The claim presented in this second suit was therefore ripe, available, and omitted in the first suit, although it was in essence litigated under the guise of Article 3, Section 4.
It is further apparent that the plaintiff's position that this dispute was one of union territorial jurisdiction is based on the same premise in both suits, a premise which was resolved on the merits in the first suit in favor of the defendant.
Both Article 3, Section 4, and Article 30, as we have seen, place matters of union jurisdictional rules within the purview of the union. An essential element then under either provision is that the dispute be one of intra-union jurisdiction.
In its brief in this suit, plaintiff argues that the proposed change of operations involved an intra-union jurisdictional dispute because of the application of Article 53, Section 1 of the NMFA Local Supplement. That section provides that "road drivers" will not be permitted to make pickups within the territorial jurisdiction of a Local, which territory includes a terminal. It would appear then that the Company's proposal to permit continued runs to locations in Plaintiff Local's jurisdiction by members of Locals in surrounding counties contravenes the Union's jurisdictional rules.
However, this argument ignores the plain and unambiguous language of Article 53, Section 3(a) which exempts "cartage drivers" engaged in "peddle runs" from the provision of Article 53, Section 1. This matter has already been addressed on summary judgment in the previous case, examining the exact same provisions of the NMFA. Plaintiff presented nothing to contradict the defendant's evidence that all runs performed within Plaintiff Local's territory by members of out-of-county Locals were "peddle runs" performed by "cartage drivers", are therefore permissible under the NMFA and do not impinge on union jurisdictional rules.

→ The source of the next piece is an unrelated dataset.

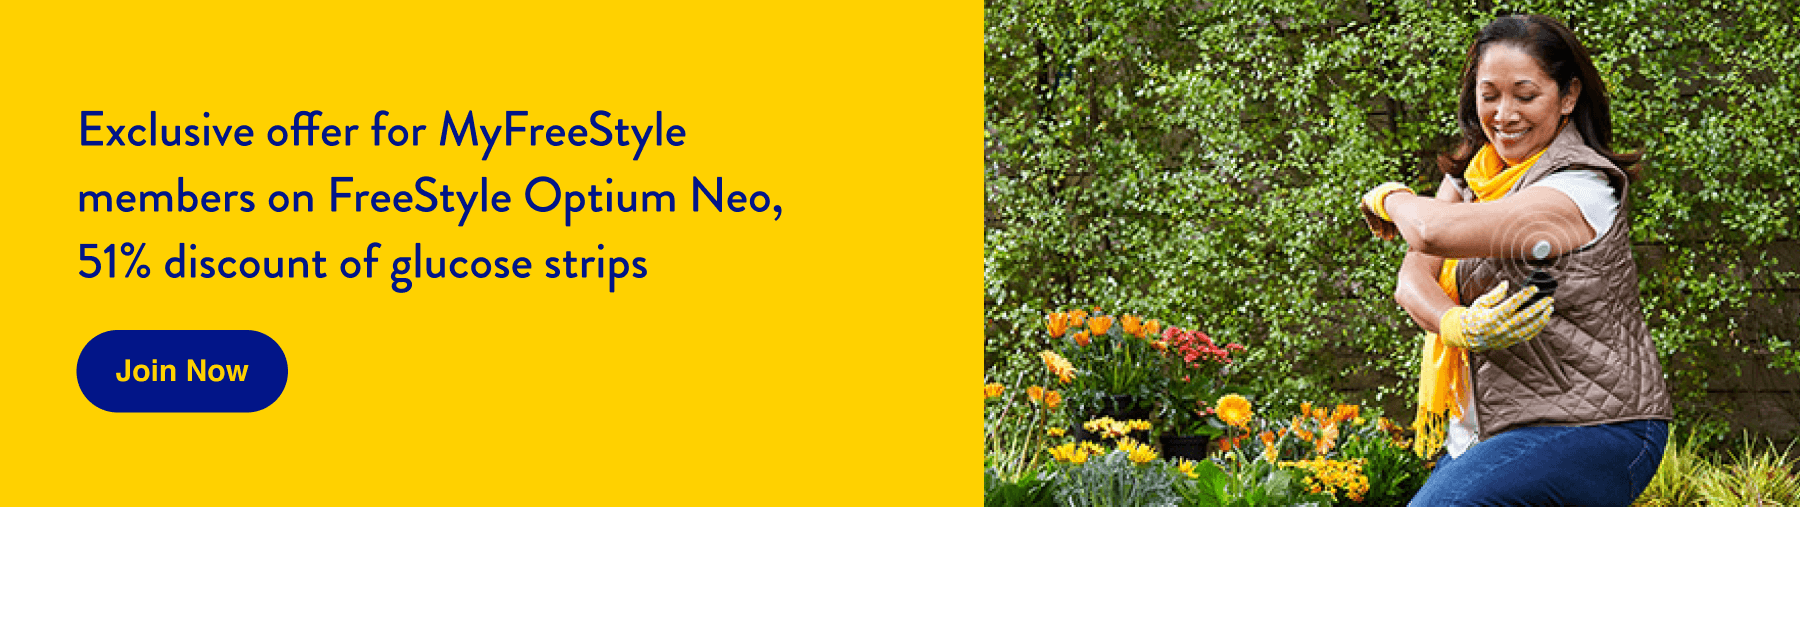 Exclusive offer for MyFreeStyle members on FreeStyle Optium Neo

For our purposes then on defendant's motion to dismiss, it is evident that plaintiff's claim that this matter is one of intra-union jurisdictional dispute is based on a premise litigated in the previous suit and resolved against the plaintiff. Relitigation of such claims is barred by res judicata.
Defendant has also sought counsel fees. Although the suit is barred by res judicata, there is no evidence of bad faith on the part of plaintiff. The motion for attorney's fees will therefore be denied.
In our opinion on summary judgment in the previous action we expressly held that a) the arbitrator had jurisdiction under the NMFA of this change of operations dispute, and b) this was not an intra-union jurisdictional dispute. Plaintiff again raises the issue of the arbitrator's jurisdiction in this suit, and although it is on a somewhat different theory, it is a claim which arose from the same liability creating conduct and which plaintiff had reasonable opportunity to advance in the first suit. Furthermore, plaintiff again bases its theory on the position that this was a union jurisdictional dispute, and plaintiff again relies on the same provisions of the NMFA. This issue was expressly resolved in favor of the defendant in the first suit on summary judgment. For the reasons stated above, we conclude that plaintiff's claims in this suit are barred by the doctrine of res judicata, and the complaint will therefore be dismissed. An appropriate order will be entered.
AND NOW this 13th day of Dec.1983, in accordance with the accompanying Opinion, it is hereby ORDERED that this action is DISMISSED and the Clerk is DIRECTED to mark the matter CLOSED. Defendant's Motion for Attorney's Fees is DENIED.